He lives on the UK’s south coast with his partner Maria and their two young children.
Gregg on why he writes:
"I’ve always wanted to do two things in life, to write, and to have adventures. When I was a kid I imagined grand affairs. Kayaking across Canada, cycling to Australia. Whole summers in the Arctic. Did it happen? Well, partly.
I’ve been lucky, I spent some years abroad teaching English. I worked in sailing schools in Greece and Spain. I really lucked out with a job testing windsurfing boards for the magazine I grew up reading. I made a questionable decision (OK, a bad decision) to buy a windsurfing centre on the edge of
the Sinai Desert. I’ve also done my fair share of less exciting jobs. Packing and stacking potatoes on a farm, which got me fitter than I’ve ever been in my life. A few years in local government which taught me that people really do have meetings that result only in the need for more meetings, and they really do take all afternoon. I spent a pleasant few months in a giant book warehouse, where I would deliberately get lost among the miles of shelves unpacking travel guides and daydreaming. I’ve done a bit of writing too, at least I learned how to write. Boards Magazine isn’t well known (it doesn’t even exist today) but it did have a reputation for being well written and I shoe-horned articles in my own gonzo journalism style on some topics with the most tenuous of links to windsurfing. But the real adventures never came. Nor did the real writing.

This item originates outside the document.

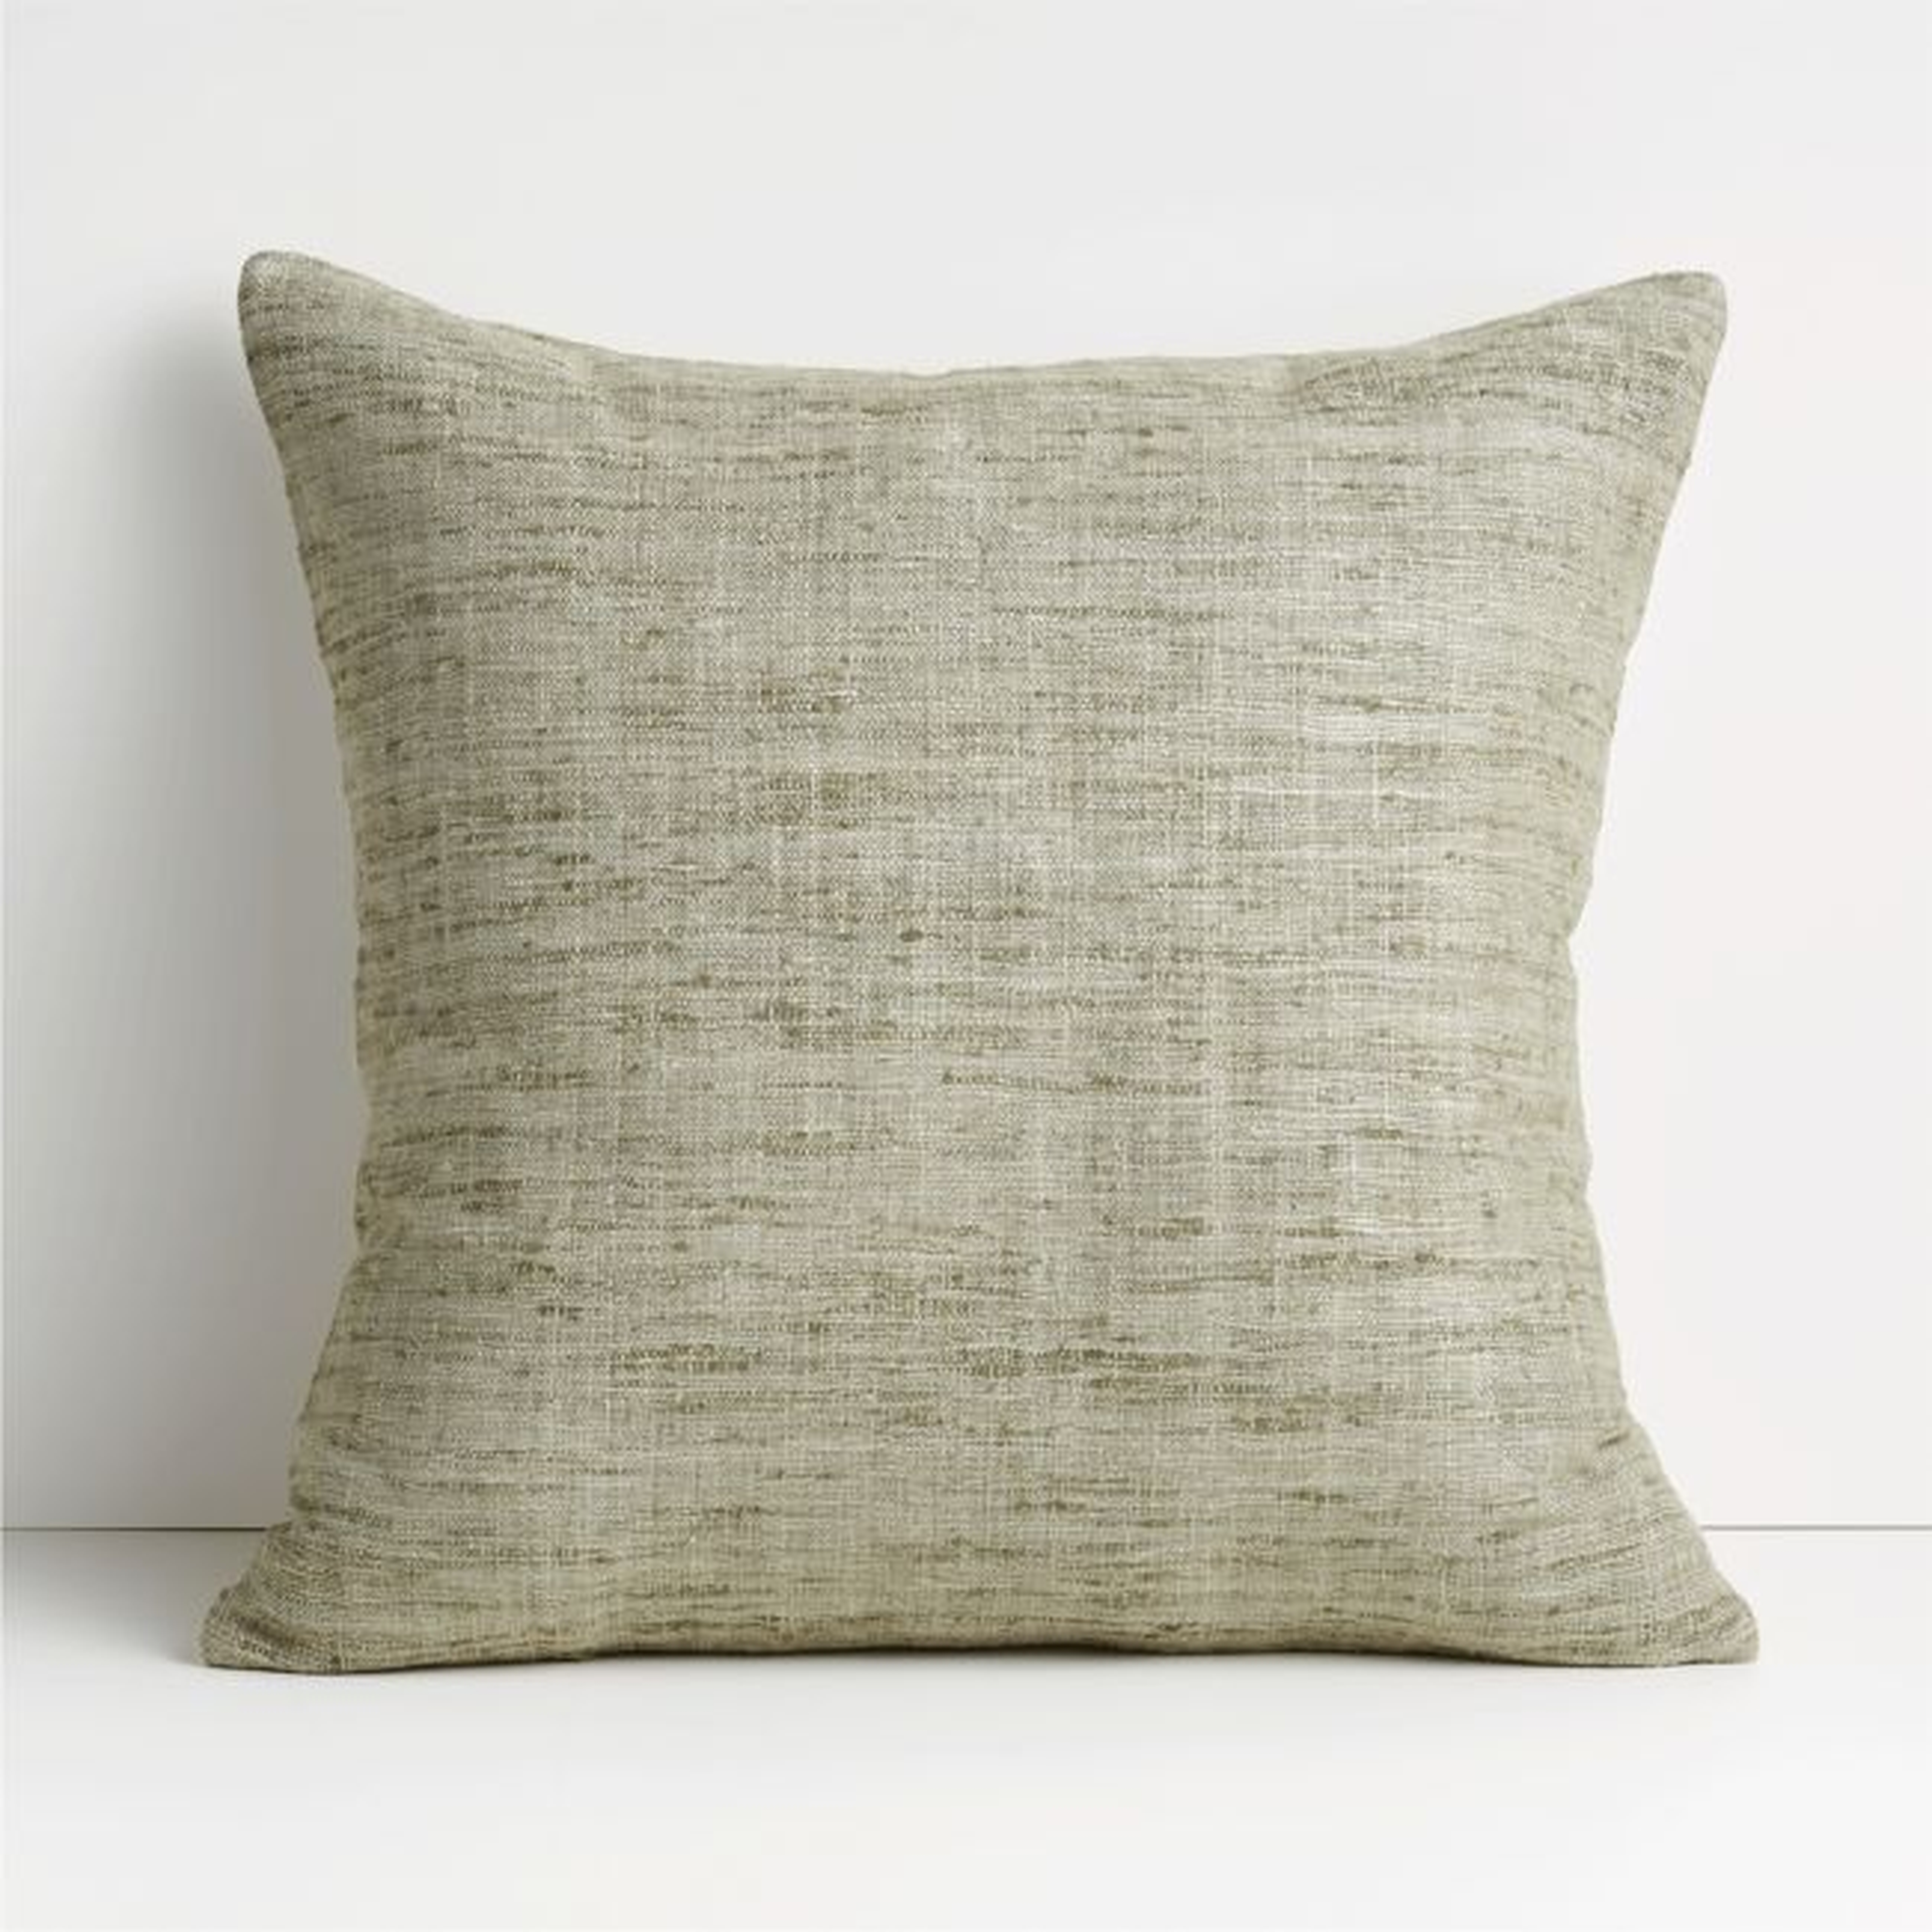 Light Grey 20"x20" Cotton Sari Silk Throw Pillow Cover - Crate and Barrel

Then, in 2015, my brother announced he was going to become the first person to windsurf alone around Great Britain. I don’t know why. Apparently it was something he’d always wanted to do (news to me.). It was a proper adventure. It was dangerous, it was exciting. Before he even set off he got on TV, in the papers. Some people thought he was reckless, some thought he was inspirational. Lots of people thought he’d fail.